Assim como Felice, os demais juízes acreditam que é difícil determinar se há realmente boa fé nesse tipo de adoção. Para alguns, o fato de tentar adotar sem passar pelo cadastro é uma demonstração de má-fé; seria como furar uma fila.
Todos os ouvidos pela Folha, entre juízes e pessoas ligadas à adoção, como membros de ONGs e pesquisadores, temem favorecer o tráfico de crianças ao permitir que as mães escolham livremente para quem vão entregar seus filhos.
Úrsula, 28, e o casal Aguiar contam que seu encontro não foi premeditado: Renata Aguiar, 33, estava em um hospital quando ouviu uma moça dizer que cuidava de uma colega grávida querendo doar a filha. Ela se interessou e passou a dar atenção a Úrsula. Comprou cestas básicas, ajudou a marcar os exames e obter remédios. O casal Aguiar escolheu o primeiro nome da criança, que foi registrada como filha de Úrsula.
Diferentemente de outros casos de tentativa de adoção sem passar pelo cadastro, os Aguiar tentaram oficializar a guarda de Rebeca ainda recém-nascida.

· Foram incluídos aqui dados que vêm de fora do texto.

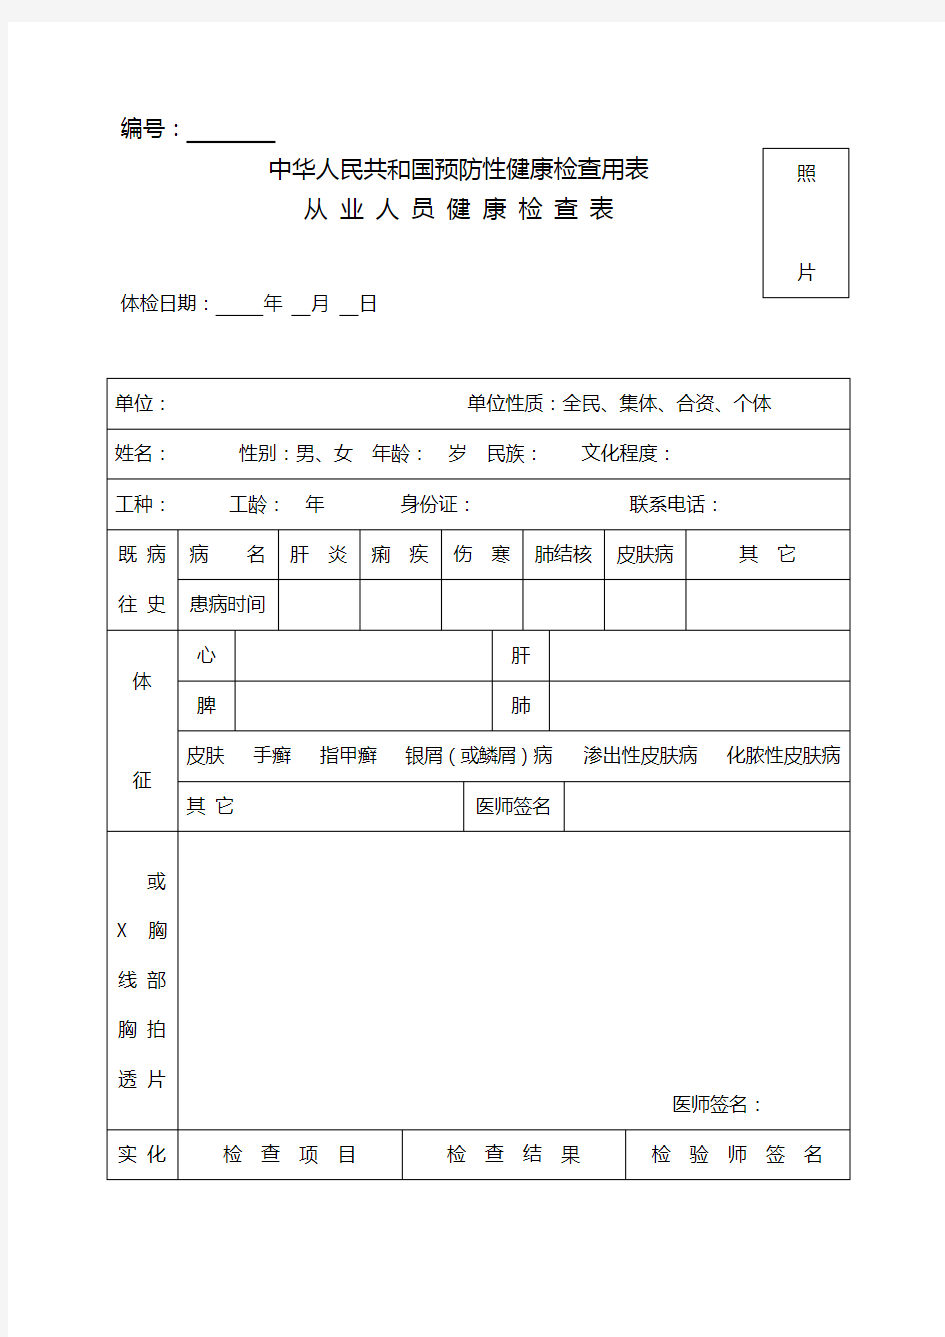 中华人民共和国预防性健康检查用表 完美版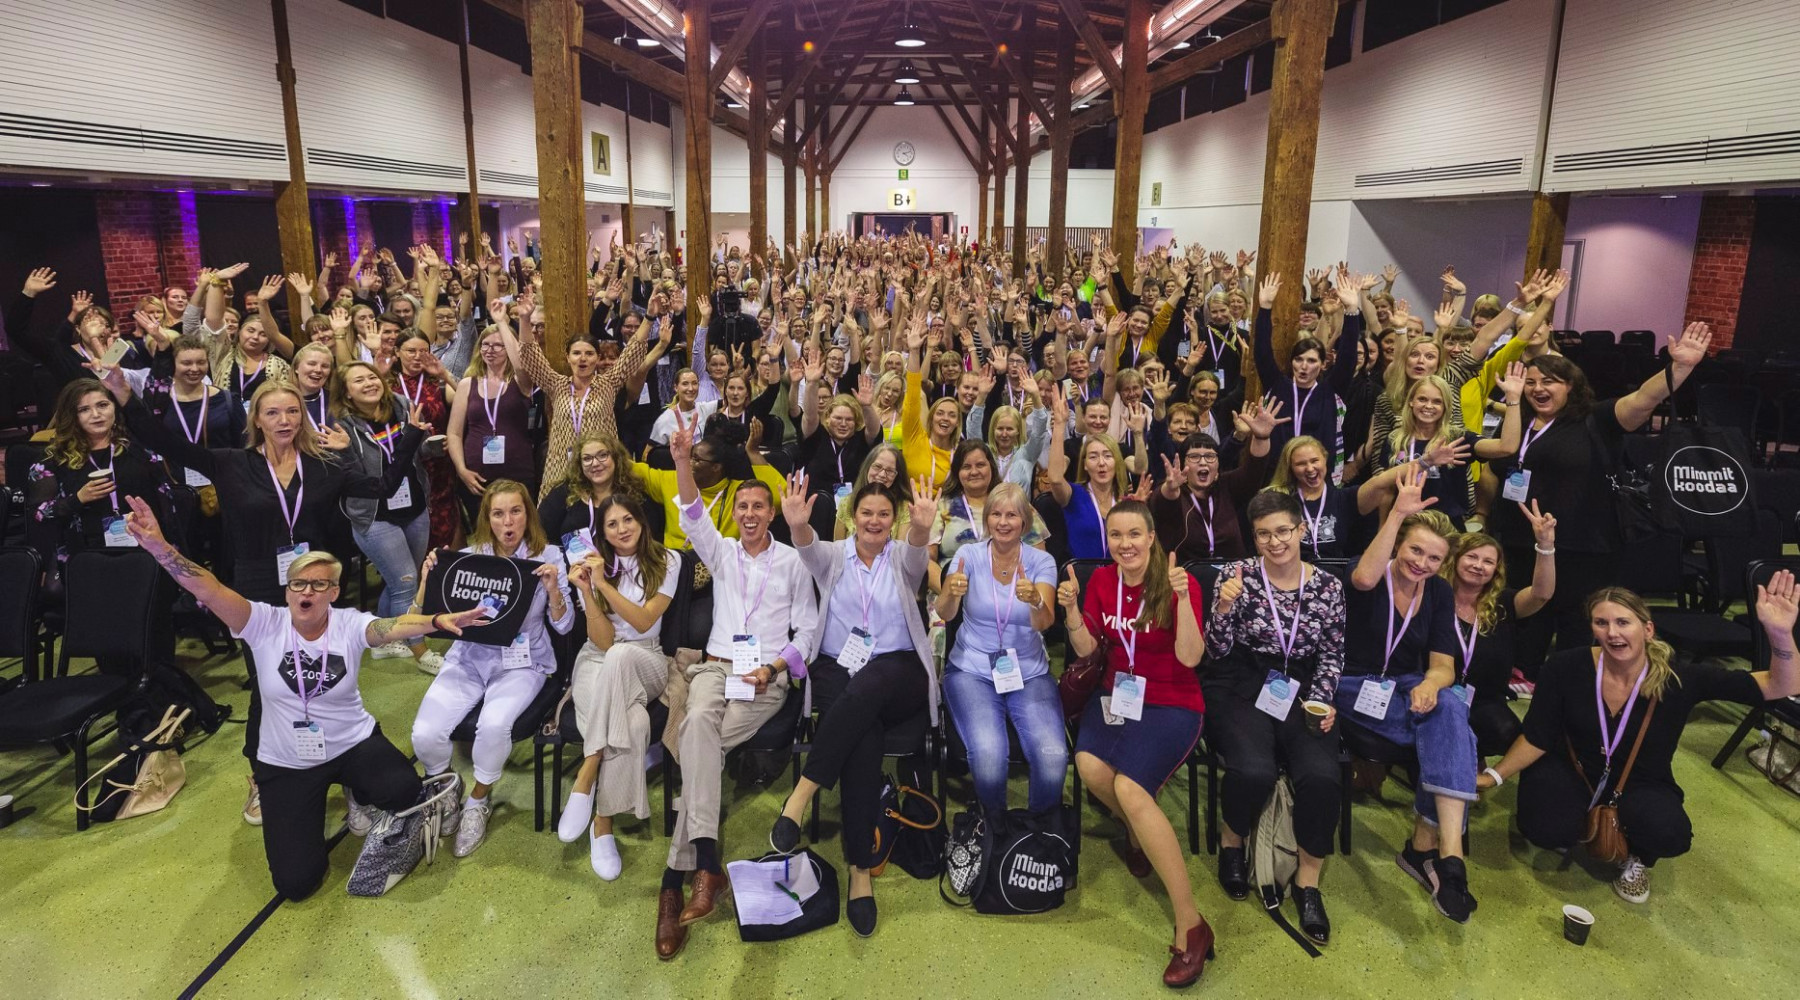 Unas doscientas personas, casi todas mujeres, posan en grupo en la gran sala donde acaba de celebrarse un taller.

Normalmente os pais aguardam meses ou anos, quando é raro o juiz negar a adoção se o ambiente familiar for bom.
"Sugeri que a neném fosse registrada como minha filha e dele, mas não quiseram. Acho que ficaram com medo de eu querer a criança depois." E foi o que aconteceu. Após ver Rebeca no abrigo, decidiu, pela primeira vez, que quer cuidar da filha. Ela tem outras três, que não vê há mais de um ano e de cujos aniversários diz não se lembrar. Úrsula diz que não procuraria mais a filha se o juiz tivesse aceito a adoção. Hoje, diz sonhar com a "neném" e querer "ficar perto dela".
Analfabeta, ex-prostituta, Úrsula engravidou de um cliente num quarto do tamanho de uma vaga de carro onde ela morava, numa boate na zona leste. Independentemente do passado, ela tem direito de recuperar Rebeca. "Arrumei emprego em casa de família e vou morar com minha filha lá", diz.